Copy whichever lines of the data hold the word "Leather".

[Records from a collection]
[Start of Attachment]

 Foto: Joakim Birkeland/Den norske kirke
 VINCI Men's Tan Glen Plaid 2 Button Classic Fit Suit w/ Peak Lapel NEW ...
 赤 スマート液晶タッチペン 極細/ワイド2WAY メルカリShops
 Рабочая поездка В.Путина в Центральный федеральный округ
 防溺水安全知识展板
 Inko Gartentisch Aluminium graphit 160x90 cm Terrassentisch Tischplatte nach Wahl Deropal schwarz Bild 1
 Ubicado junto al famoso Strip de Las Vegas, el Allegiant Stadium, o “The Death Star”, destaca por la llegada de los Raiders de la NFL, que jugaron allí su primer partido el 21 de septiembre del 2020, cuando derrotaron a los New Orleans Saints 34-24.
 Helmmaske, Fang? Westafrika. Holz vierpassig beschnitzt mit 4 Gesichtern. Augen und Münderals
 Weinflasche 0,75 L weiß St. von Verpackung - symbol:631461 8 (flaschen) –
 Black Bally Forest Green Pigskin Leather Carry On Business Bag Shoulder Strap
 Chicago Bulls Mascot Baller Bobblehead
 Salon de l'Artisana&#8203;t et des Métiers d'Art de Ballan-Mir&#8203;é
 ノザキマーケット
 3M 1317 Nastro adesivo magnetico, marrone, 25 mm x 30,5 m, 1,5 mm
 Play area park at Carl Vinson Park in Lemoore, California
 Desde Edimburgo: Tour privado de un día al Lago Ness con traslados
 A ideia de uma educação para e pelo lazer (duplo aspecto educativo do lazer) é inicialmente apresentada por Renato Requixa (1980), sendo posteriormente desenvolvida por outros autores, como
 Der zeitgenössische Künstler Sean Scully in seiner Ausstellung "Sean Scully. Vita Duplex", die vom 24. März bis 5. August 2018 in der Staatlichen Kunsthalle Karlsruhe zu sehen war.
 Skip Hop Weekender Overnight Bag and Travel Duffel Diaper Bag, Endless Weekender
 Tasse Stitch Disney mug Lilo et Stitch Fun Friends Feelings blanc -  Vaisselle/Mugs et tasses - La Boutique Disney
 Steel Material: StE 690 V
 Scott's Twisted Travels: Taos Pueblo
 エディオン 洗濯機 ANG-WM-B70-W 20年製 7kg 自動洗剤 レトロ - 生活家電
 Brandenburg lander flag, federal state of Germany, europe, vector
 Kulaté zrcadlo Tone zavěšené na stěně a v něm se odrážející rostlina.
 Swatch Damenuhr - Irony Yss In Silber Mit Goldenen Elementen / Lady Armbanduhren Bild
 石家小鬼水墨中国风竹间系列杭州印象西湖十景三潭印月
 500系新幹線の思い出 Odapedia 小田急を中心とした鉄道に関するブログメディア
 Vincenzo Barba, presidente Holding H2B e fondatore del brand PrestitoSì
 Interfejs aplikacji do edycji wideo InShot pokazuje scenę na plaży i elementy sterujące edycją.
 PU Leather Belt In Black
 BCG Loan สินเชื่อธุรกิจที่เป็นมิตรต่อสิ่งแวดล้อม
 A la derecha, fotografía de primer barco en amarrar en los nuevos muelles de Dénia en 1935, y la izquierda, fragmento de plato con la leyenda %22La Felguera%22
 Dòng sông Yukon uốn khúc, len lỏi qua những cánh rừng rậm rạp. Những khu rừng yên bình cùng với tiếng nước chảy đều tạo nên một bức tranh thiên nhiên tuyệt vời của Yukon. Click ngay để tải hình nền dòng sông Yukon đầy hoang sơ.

[End of Attachment]

| EXERCISE SOLUTION |
 Black Bally Forest Green Pigskin Leather Carry On Business Bag Shoulder Strap
 PU Leather Belt In Black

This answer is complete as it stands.